We previously showed that BRCA1 regulates global translation in a PABP1-dependent manner. We demonstrate here that BRCA1 regulates the translation of a limited number of mRNAs. Because PABP1 acts as a general translational factor, we asked how BRCA1 selectively impacts the translation of only some mRNAs species. We first examined whether the proteins encoded by these mRNAs present some common features. Using IPA software, we found that these proteins participate in many cellular pathways, and are not restricted to any particular gene ontology function such as transcription regulators or kinases. It is possible that there are regulatory cis-elements in these mRNAs, such as a defined sequence in the 5′ or 3′untranslated region (UTR). We here compared the up- and down-regulated mRNA sequences in BRCA1-depleted MCF7 cells to investigate the possibility of some common features of the 5′UTRs. The analyses of 5′UTR sequences retrieved from UTRdb [43] for the positively, negatively and not (neutral) regulated mRNAs indicated that their GC content distributions differ for the 3 groups (Figure S1; Tables S1 and S2) while the length distributions are similar as assessed by a two-sample Kolmogorov-Smirnov test (Figure S2; Tables S3 and S4). These data suggest that the 5′UTR of mRNAs which are translationally regulated by BRCA1 share common features. It would be worth examining whether these 5′UTRs contain common mRNA motifs that could be recognized by BRCA1 interacting partners and/or BRCA1 itself. This hypothesis will be examined in future work.
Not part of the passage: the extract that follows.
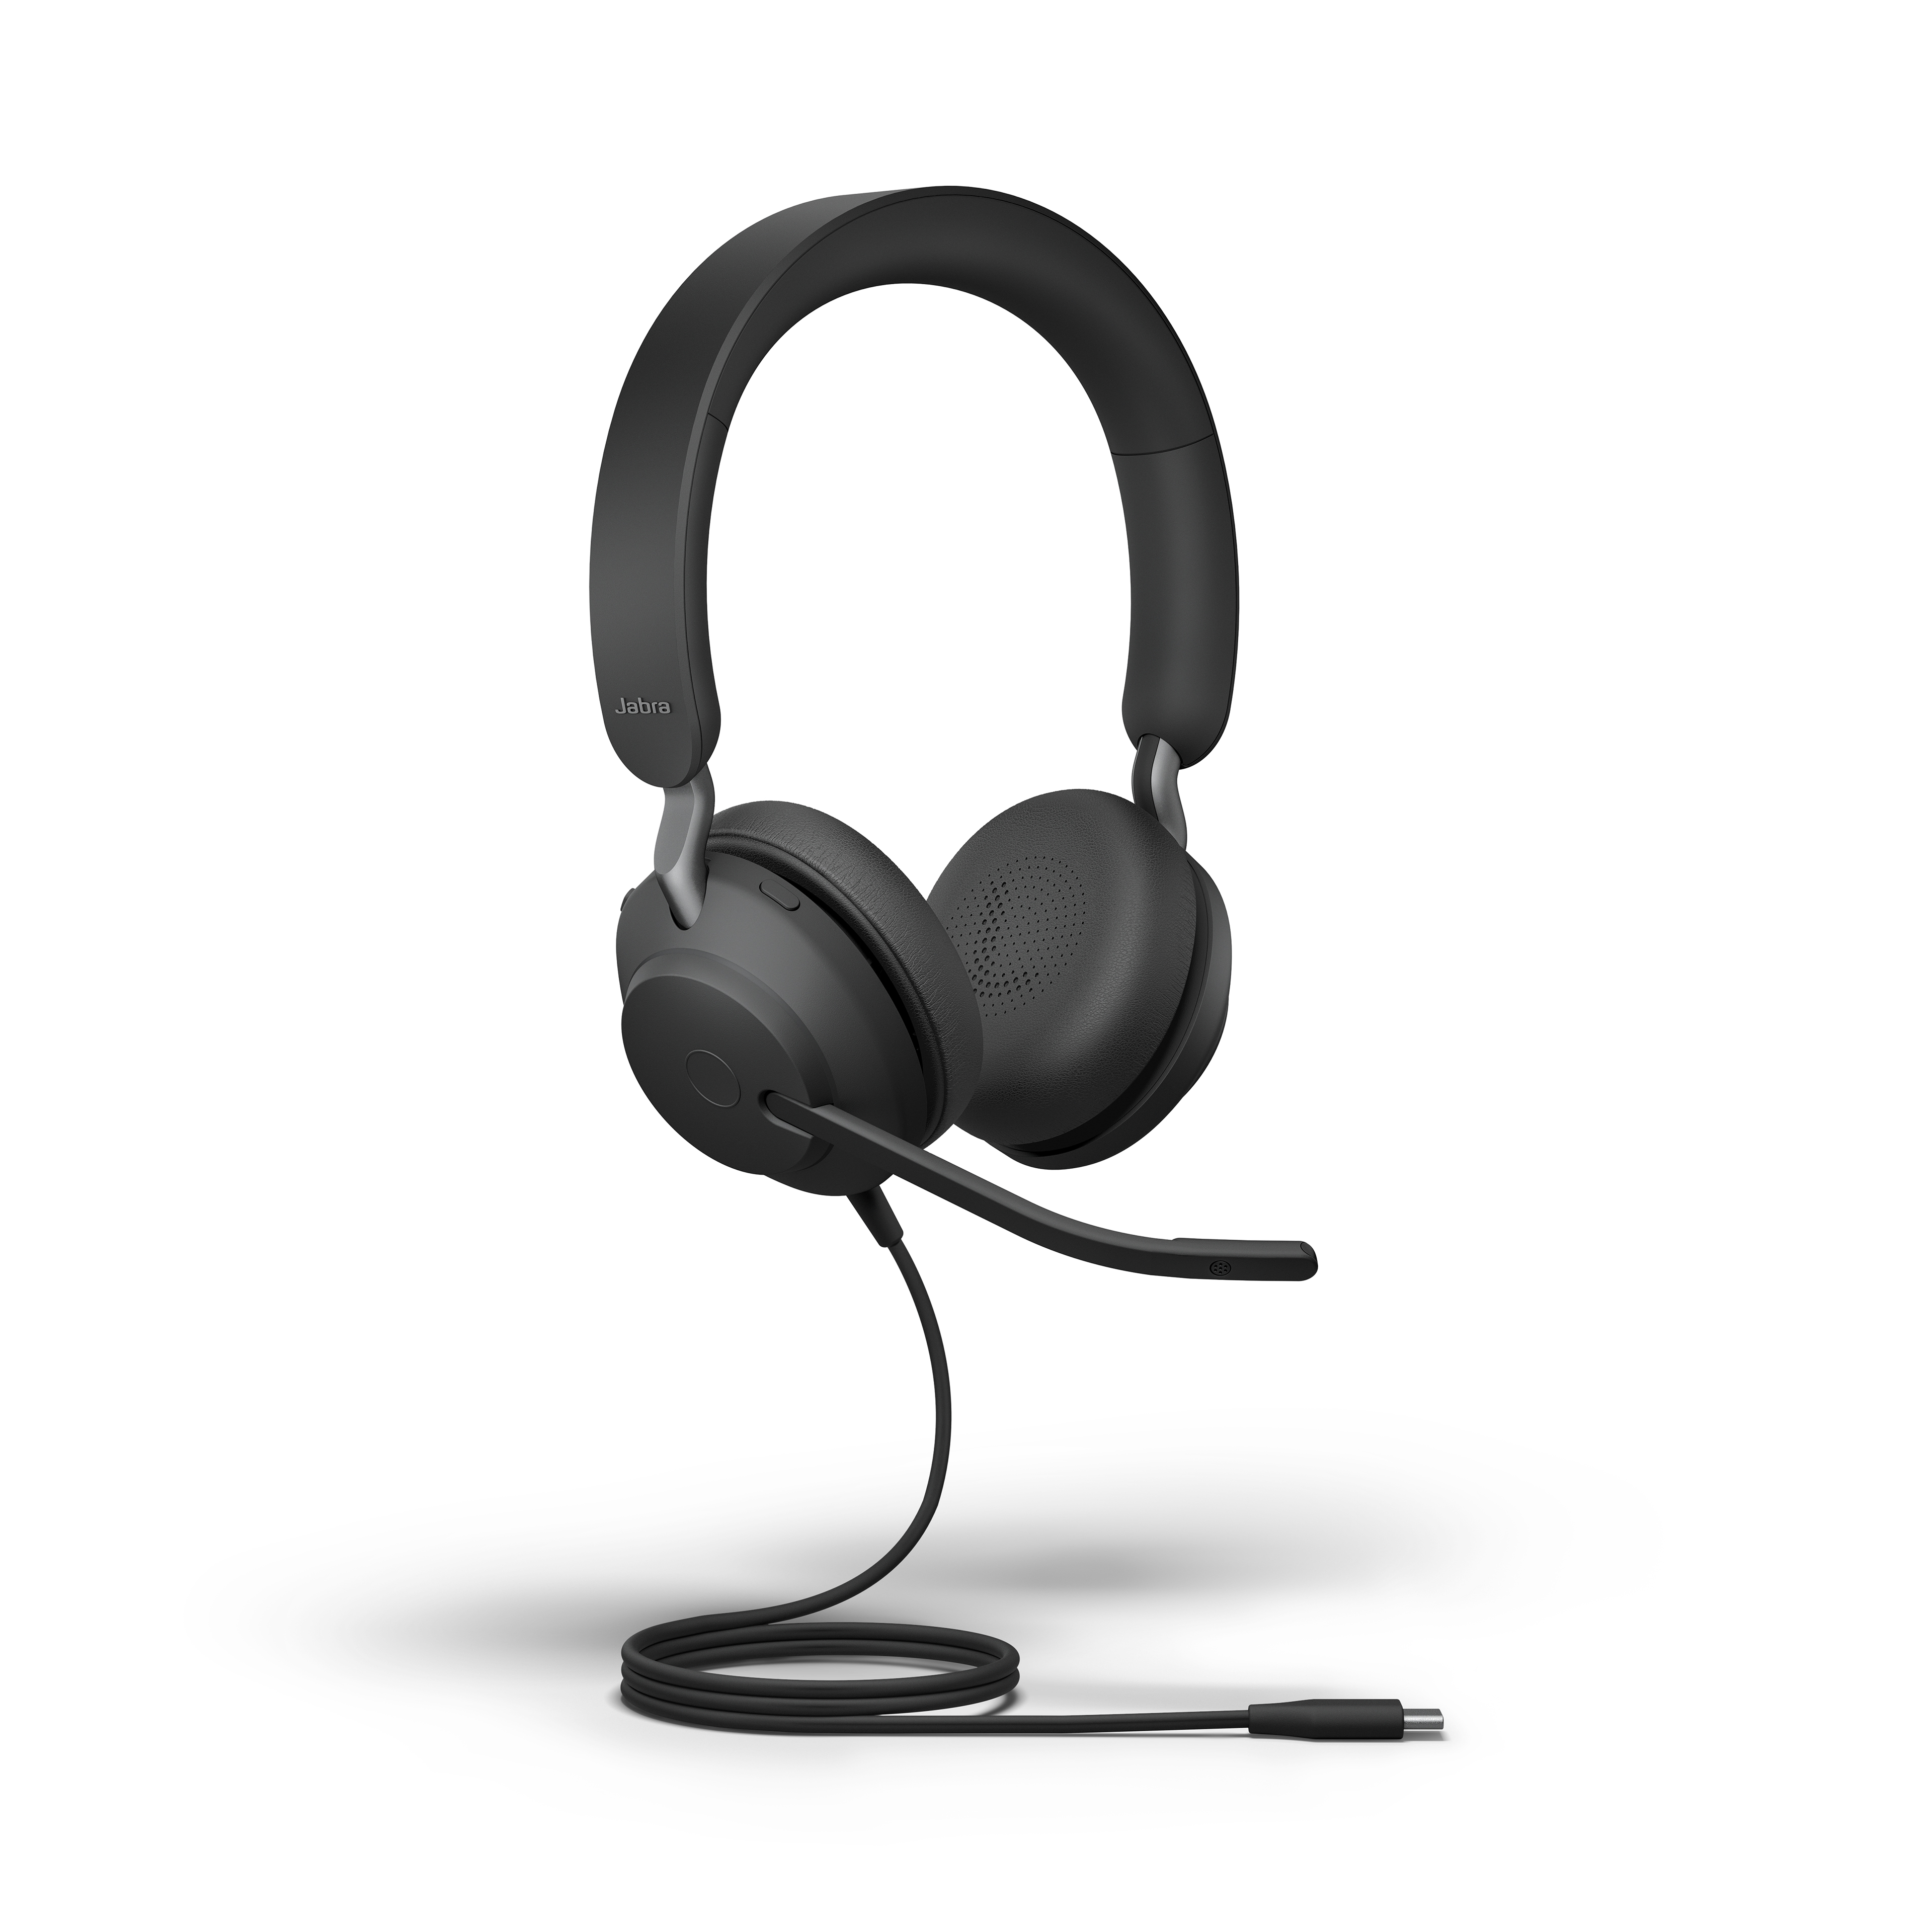 Jabra Evolve2 40 Stereo Usb C Uc Headset 24089989 899 Voip Supply

Here we show that BRCA1 can act both as a translational repressor and as a translational activator. Among the genes whose translational level is significantly changed in response to BRCA1 depletion in MCF7 cells, we have selected those that were shown to play a role in cancer and we discuss below results concerning 5 of them.

HIPK2 is an emerging regulator of cell growth and apoptosis in various cell types and tissues, but regulation of HIPK2 remains largely obscure [44] [26]. HIPK2 has been described as a potential tumour suppressor and DNA damage-responsive kinase [45]. However, recent reports also indicate that HIPK2 can stimulate cell growth and that its expression level correlates with tumour progression. For example, in pilocytic astrocytoma, the HIPK2 gene is frequently amplified and HIPK2 over-expression stimulates cell growth [46]. Moreover, strong HIPK2 immunostaining in cervical cancer tissues was hypothesized to correlate with tumour progression [47]. In this context, our findings that BRCA1 negatively regulates the HIPK2 protein abundance suggest that BRCA1 modulates preferentially the growth-driving functions of HIPK2.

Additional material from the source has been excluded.